A snowboarder is trying to gap a 14m
wide road. He leaves the 19m high cliff at
10m/s at 30 degrees.
Questions:
1. Does he make it?
2.When the snowboarder is 16m above
the road, what is his speed?
Vo = 10m/s[30o]
Xo = 10*Cos30 = 8.66 m/s
Yo = 10*sin30 = 5 m/s
1. Y = Yo * g*Tr = 0
Tr = -Yo/g = -5/-9.8 = 0.51 s. = Rise time.
h = ho + -(Yo^2)/2g = 19 + -(5^2)/-19.6 = 20.3 m. Above gnd.
h = 0.5g*t^2 = 20.3
4.9t^2 = 20.3
t^2 = 4.14
Tf = 2.03 s. = Fall time.
Dx = Xo*(Tr+Tf) = 8.66 * (0.51+2.03) =
22 m. Which is greater than the required
hor. distance of 14 m.
2. Y^2 = Yo^2 + 2g*h=0 + 19.8*(20.3-16) = 84.28
Y = 9.2 m/s = Ver. component.
V = sqrt(Xo^2+Y^2) m/s
Xo = 8.66 m/s
Y = 9.2 m/s
Solve for V.
To determine if the snowboarder makes it across the 14m wide road, we can calculate the horizontal distance he covers while in the air. We'll also calculate the maximum height reached and the speed when he is 16m above the road.
1. To calculate the horizontal distance covered, we can use the formula for horizontal displacement: d = v * t * cos(theta), where d is the horizontal distance, v is the velocity, t is the time in the air, and theta is the launch angle.

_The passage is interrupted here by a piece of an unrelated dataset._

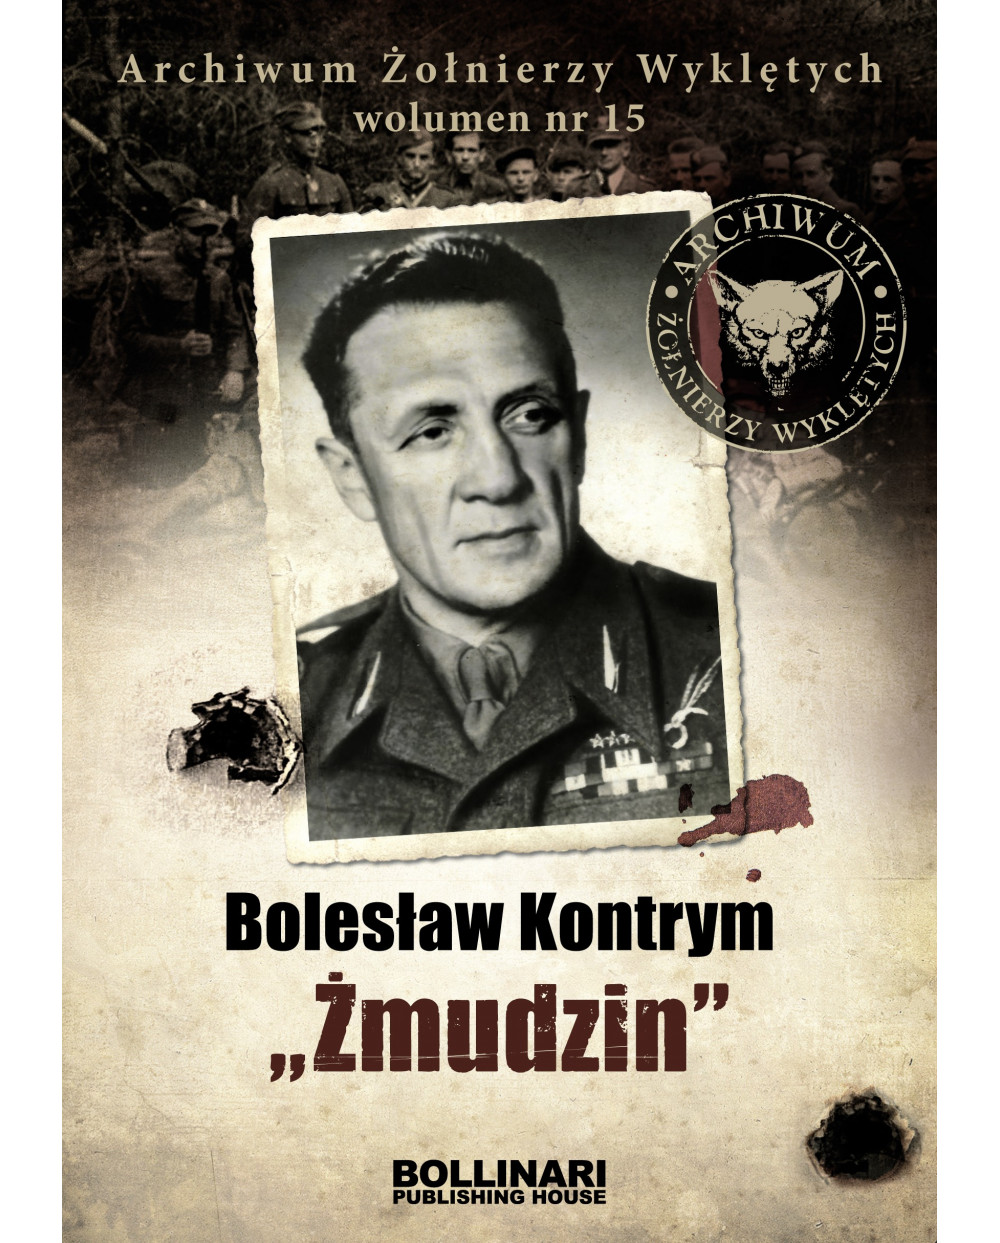 Dominik Kucinski - Bolesław Kontrym "Żmudzin" - Archiwum Żołnierzy Wyklętych, wolumen nr15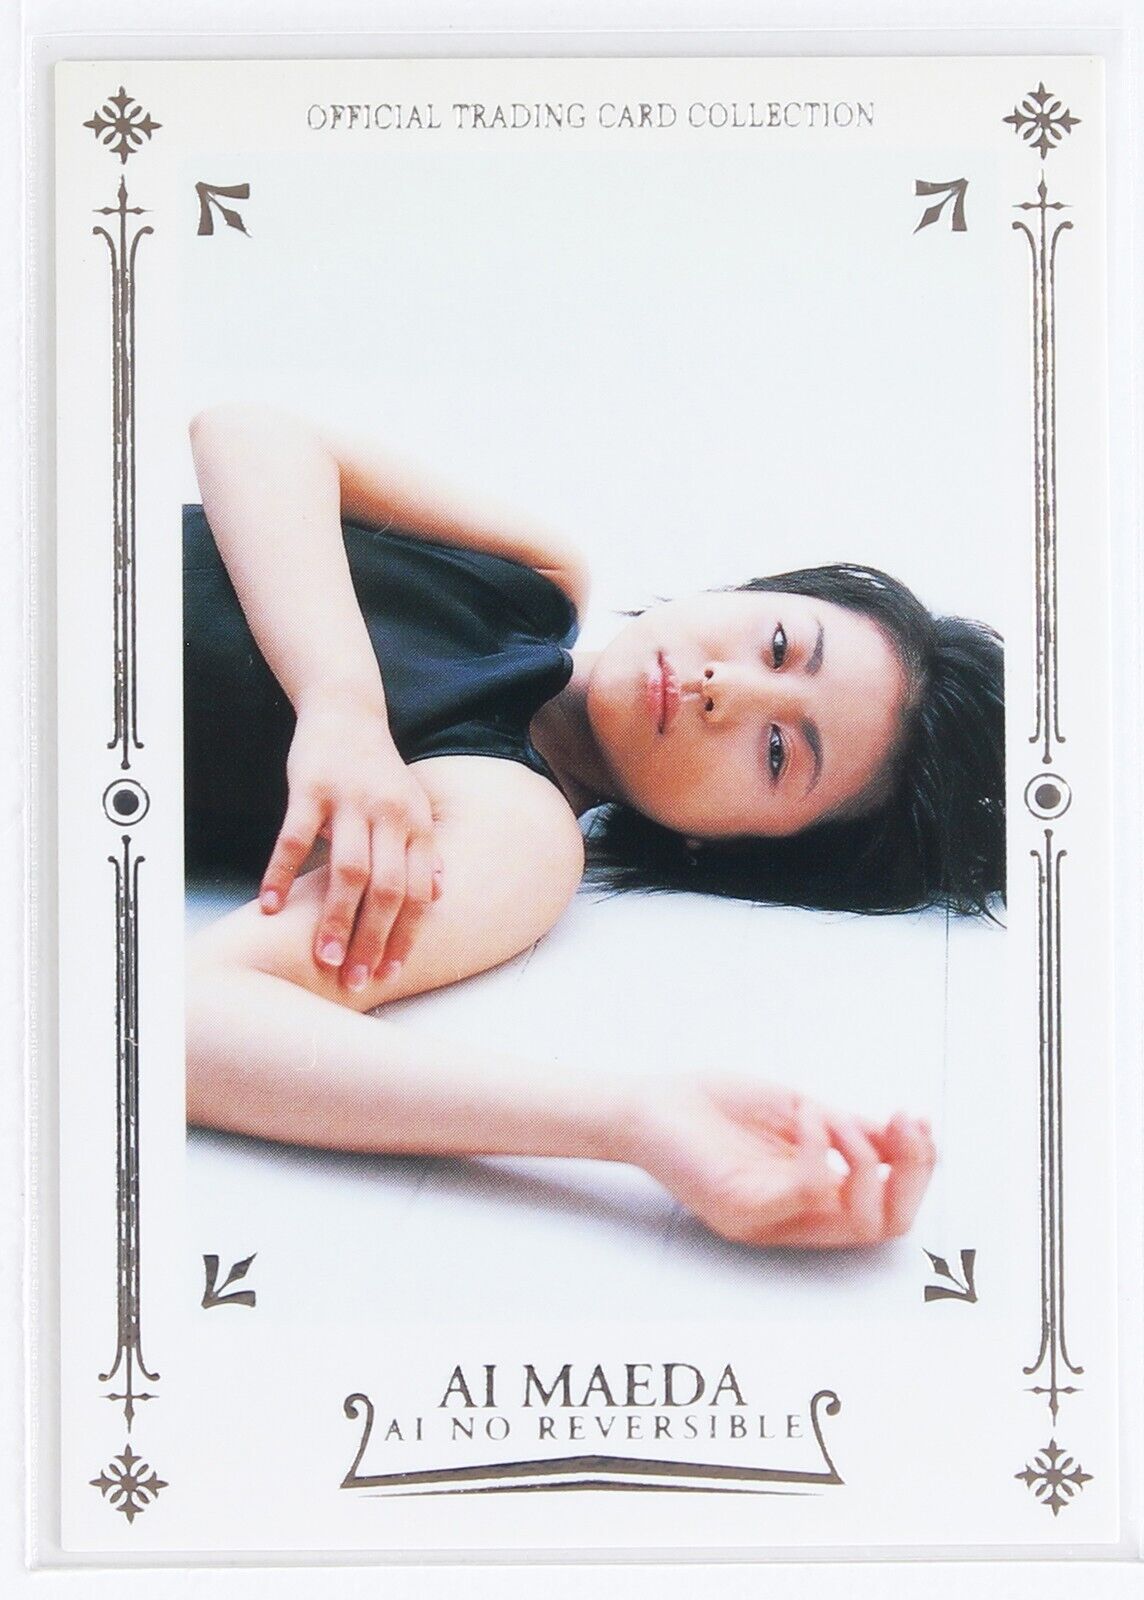 AI MAEDA NO.02 -ai no reversible- Japanese Actress Trading foil stamping Card

First, let's calculate the time the snowboarder is in the air. Since we know the initial vertical velocity is 10m/s and the angle is 30 degrees, we can decompose the velocity into vertical and horizontal components.
Vertical velocity (v_y) = v * sin(theta)
v_y = 10 * sin(30)
v_y = 5 m/s
The time in the air (t) can be calculated using the formula t = (2 * v_y) / g, where g is the acceleration due to gravity (approximately 9.8 m/s^2).
t = (2 * 5) / 9.8
t ≈ 1.02 seconds
Now, let's calculate the horizontal distance (d) covered by the snowboarder.
d = v * t * cos(theta)
d = 10 * 1.02 * cos(30)
d ≈ 8.85 meters
Since the horizontal distance covered (8.85m) is less than the width of the road (14m), the snowboarder does not make it across.
2. To calculate the speed of the snowboarder when he is 16m above the road, we can use the equation for vertical velocity: v_y = v * sin(theta) - g * t, where v_y is the vertical velocity and t is the time.
First, let's calculate the time it takes for the snowboarder to reach a height of 16m above the road from the initial launch.
t = (16 - 0) / (0.5 * g)
t = 16 / 4.9
t ≈ 3.27 seconds
Now, let's calculate the vertical velocity (v_y) at that time.
v_y = v * sin(theta) - g * t
v_y = 10 * sin(30) - 9.8 * 3.27
v_y ≈ -4.6 m/s
The negative sign indicates that the snowboarder is descending at this point. Therefore, the speed of the snowboarder when he is 16m above the road is approximately 4.6 m/s.